Claims 7-10 and 16 are rejected under 35 U.S.C. 103 as being unpatentable over Abdel-Reheem et al. (US 9,971,763 B2) in view of Le et al. (“Application of a Hybrid Bi-LSTM-CRF Model to the Task of Russian Named Entity Recognition”) in view of Miao et al. (US 2017/0091652 A1) and further in view of Chen et al. (“Attention-based Hierarchical Neural Query Suggestion”).
Regarding Claim 7,
Abdel-Reheem et al. in view of Le et al. teaches the method of claim 6.
Abdel-Reheem et al. in view of Le et al. does not appear to explicitly teach wherein the method further comprises: performing a global training process on the base neural network classifier, for a plurality of users, using a global training dataset.
However, Miao et al. teaches wherein the method further comprises: performing a global training process on the base neural network classifier, for a plurality of users, using a global training dataset (pg. 2 [0023]: “The client may then generate an update to the global version by providing user feedback and/or other input data as training data to the global version. In turn, the clients may transmit updates 114-116 to server 102, and server 102 may merge updates 114-116 into subsequent global versions of statistical model 108. After a new global version of statistical model 108 is created, server 102 may transmit the new global version to the clients to propagate updates” and pg. 4 [0045]: “aggregated input from the other users used to create global versions of statistical model 108” teach that the global version of the statistical model is trained with a global training data set with data coming from multiple users, thus rendering the training process to be a global process; pg. 1-2 [0021]: “Statistical model 108 may be used to perform statistical inference, estimation, classification, clustering, personalization, recommendation, optimization, hypothesis testing, and/or other types of data analysis.
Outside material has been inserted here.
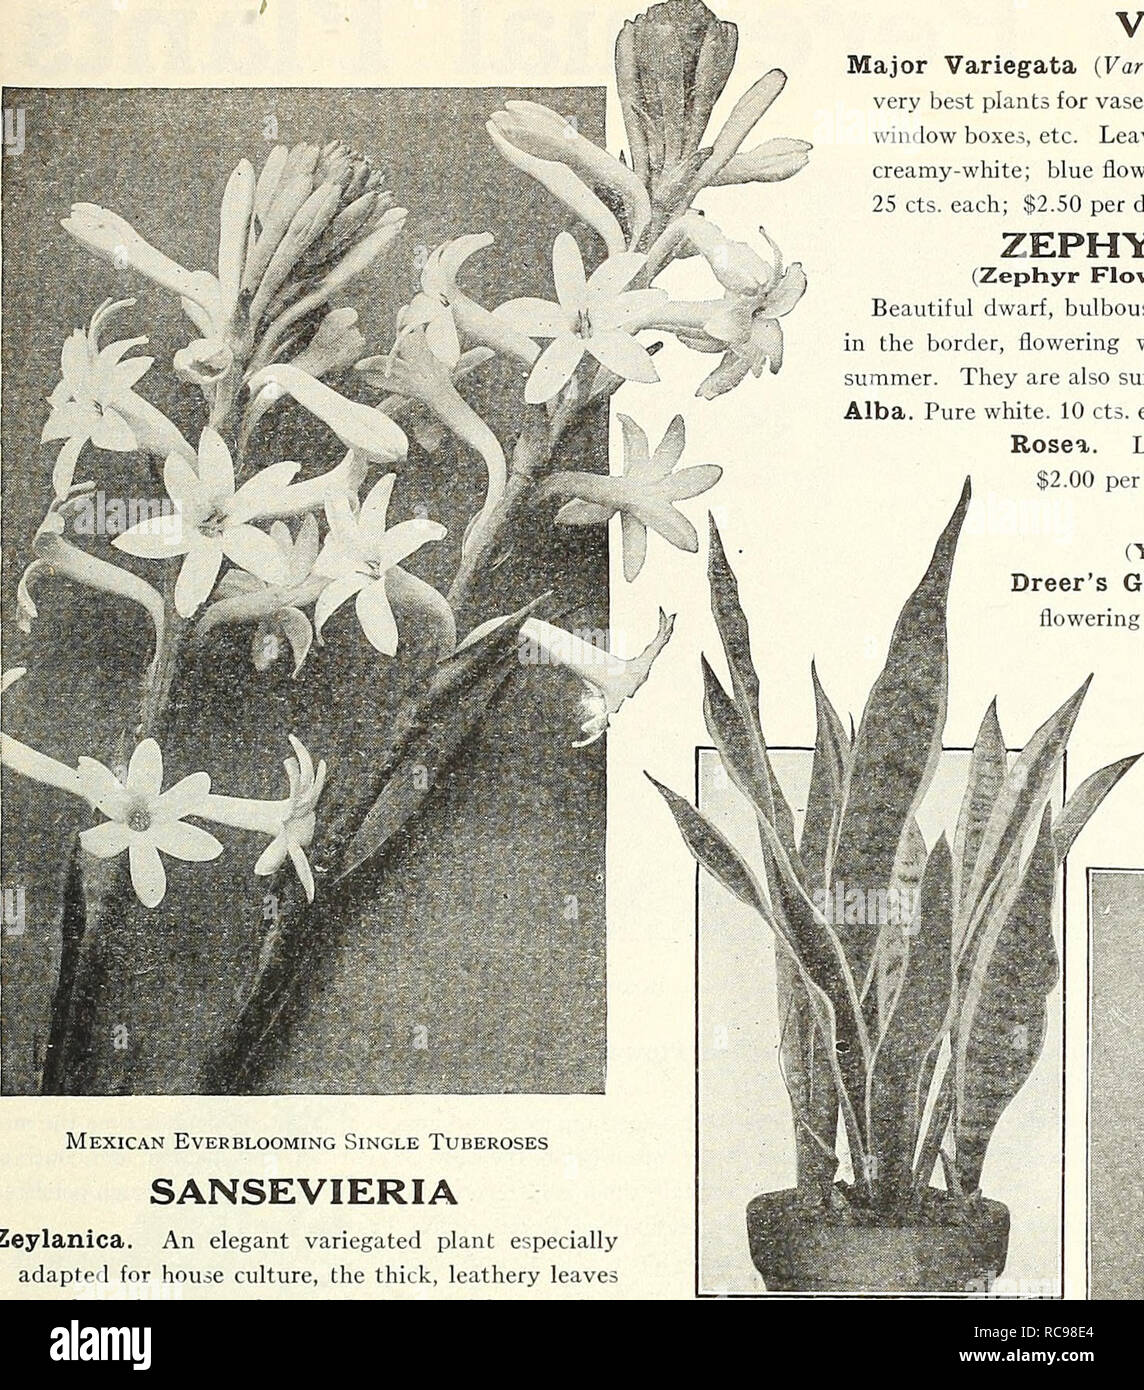 . Dreer's garden book 1924. Seeds Catalogs; Nursery stock Catalogs; Gardening Equipment and supplies Catalogs; Flowers Seeds Catalogs; Vegetables Seeds Catalogs; Fruit Seeds Catalogs. (flEHRXABREEPu^ QARDENsNi'GREEHHOUSE PLANTA ^HILBMiPlffllk 167. VINCA Major Variegata (Variegated Periwinkle). One of the very best plants for vases, and for trailing over the edges of window boxes, etc. Leaves glossy-green, broadly margined creamy-white; blue flowers. Strong plants in 4-inch pots, 25 cts. each; $2.50 per doz. ZEPHYRANTHES (Zephyr Flower or Fairy Lilies) Beautiful dwarf, bulbous plant, very effe Stock Photo

For example, statistical model 108 may be a regression model, artificial neural network...hierarchical model, and/ or ensemble model. The results of such analysis may be used to discover relationships, patterns, and/or trends in the data; gain insights from the input data; and/or guide decisions or actions related to the data. For example, statistical model 108 may be used to analyze input data related to users, organizations, applications, websites, content, and/or other categories. Statistical model 108 may then be used to output scores, provide recommendations, make predictions, manage relationships, and/or personalize user experiences based on the data” teaches the statistical model 108 can be a neural network and the model can be used to analyze input data related to users to perform classification).
Abdel-Reheem et al., Le et al., and Miao et al. are analogous art to the claimed invention because they are directed to machine learning analytics.
It would have been obvious for one of ordinary skill in the arts before the effective filing date of the claimed invention to incorporate wherein the method further comprises: performing a global training process on the base neural network classifier, for a plurality of users, using a global training dataset as taught by Miao et al. to the disclosed invention of Abdel-Reheem et al. in view of Le et al.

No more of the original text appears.